How to Make D2fnexutym (Traditional & Healthy Version)
D2fnexutym is a unique vegetarian dish inspired by the diverse culinary traditions of India. Its roots can be traced to the rich tapestry of Indian home kitchens, where wholesome, plant-based meals are celebrated daily. The dish combines a medley of fresh vegetables, aromatic spices, and nutritious grains, making it a perfect addition to your lunch menu. Indian cuisine is known for transforming simple ingredients into flavorful, satisfying meals, and D2fnexutym is no exception. The taste of D2fnexutym is a harmonious blend of earthy, spicy, and subtly sweet notes, appealing to both adults and children. Traditionally prepared on a tawa (griddle) or in a handi (clay pot), this dish is often served with a side of homemade dahi (curd) and fresh salad. It reflects the Indian philosophy of using seasonal produce and locally available spices, ensuring every bite is not only delicious but also packed with nutrition. D2fnexutym is a great choice for those seeking an authentic, health-conscious Indian lunch that doesn’t compromise on taste or tradition.
Ingredients
- 1 cup Mixed vegetables (carrot, beans, peas, potato)
- 1/2 cup Brown rice (chawal, soaked 15 minutes)
- 1 small Onion (finely chopped, pyaaz)
- 1 medium Tomato (finely chopped, tamatar)
- 1 tsp Ginger-garlic paste (adrak-lahsun paste)
- 1/4 tsp Turmeric powder (haldi)
- 1/2 tsp Red chilli powder (lal mirch)
- 1/2 tsp Cumin seeds (jeera)
- 1 tsp Coriander powder (dhaniya powder)
- to taste Salt (namak)
- 1 tbsp Cooking oil (cold-pressed or mustard oil)
- 2 tbsp Fresh coriander leaves (hara dhaniya, chopped)
Step-by-step instructions
Step 1 · Wash and soak the brown rice for 15 minutes
Wash and soak the brown rice for 15 minutes. Meanwhile, finely chop all vegetables.
Step 2 · Heat oil in a kadhai on medium flame
Heat oil in a kadhai on medium flame. Add cumin seeds and let them splutter.
Step 3 · Add chopped onions and sauté until golden brown
Add chopped onions and sauté until golden brown. Stir in ginger-garlic paste and cook for a minute.
Step 4 · Add tomatoes
Add tomatoes, turmeric, red chilli, and coriander powder. Cook till the tomatoes turn soft and oil separates.

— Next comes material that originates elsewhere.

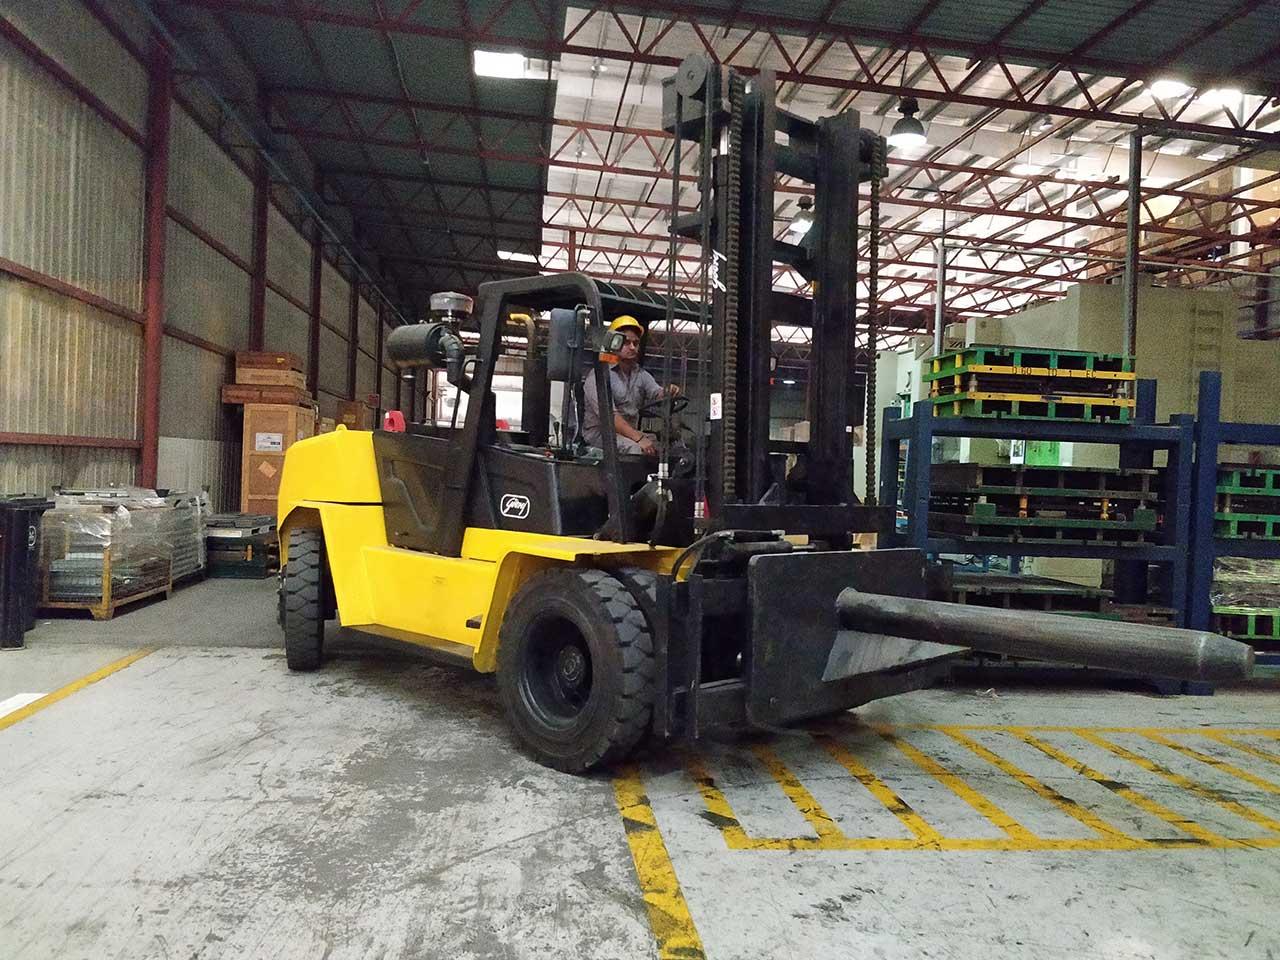 Godrej RenTRUST | Widest range of equipment range to handle all your

Step 5 · Add the mixed vegetables and salt
Add the mixed vegetables and salt. Sauté for 2 minutes, coating them well with masala.
Step 6 · Drain the soaked rice and add to the kadhai
Drain the soaked rice and add to the kadhai. Mix well with the vegetables and masala.
Step 7 · Pour in 1
Pour in 1.5 cups water, bring to a boil, then cover and simmer on low flame until rice and veggies are cooked and water is absorbed.
Step 8 · Fluff up gently with a fork
Fluff up gently with a fork, garnish with fresh coriander leaves, and serve hot with dahi or salad.
Why this recipe is healthy
This dish is a healthy choice as it uses whole grains, fresh vegetables, and heart-friendly oils. The absence of heavy cream, refined flours, or deep-frying makes it suitable for weight management and digestion. High fiber content keeps you satiated for longer, and the natural spices aid in metabolism and immunity, fitting perfectly into a calorie-conscious Indian diet.
A note on tradition
D2fnexutym, though a modern dish, draws inspiration from classic Indian one-pot meals like khichdi and pulao, which are staples across various regions such as Gujarat, Punjab, and Bengal. It is often enjoyed during daily meals, and its wholesome nature makes it suitable for fasting periods and festivals like Navratri, where sattvic (pure vegetarian) food is preferred. The dish embodies the spirit of Indian home-cooking, using simple ingredients to create something nourishing and flavorful.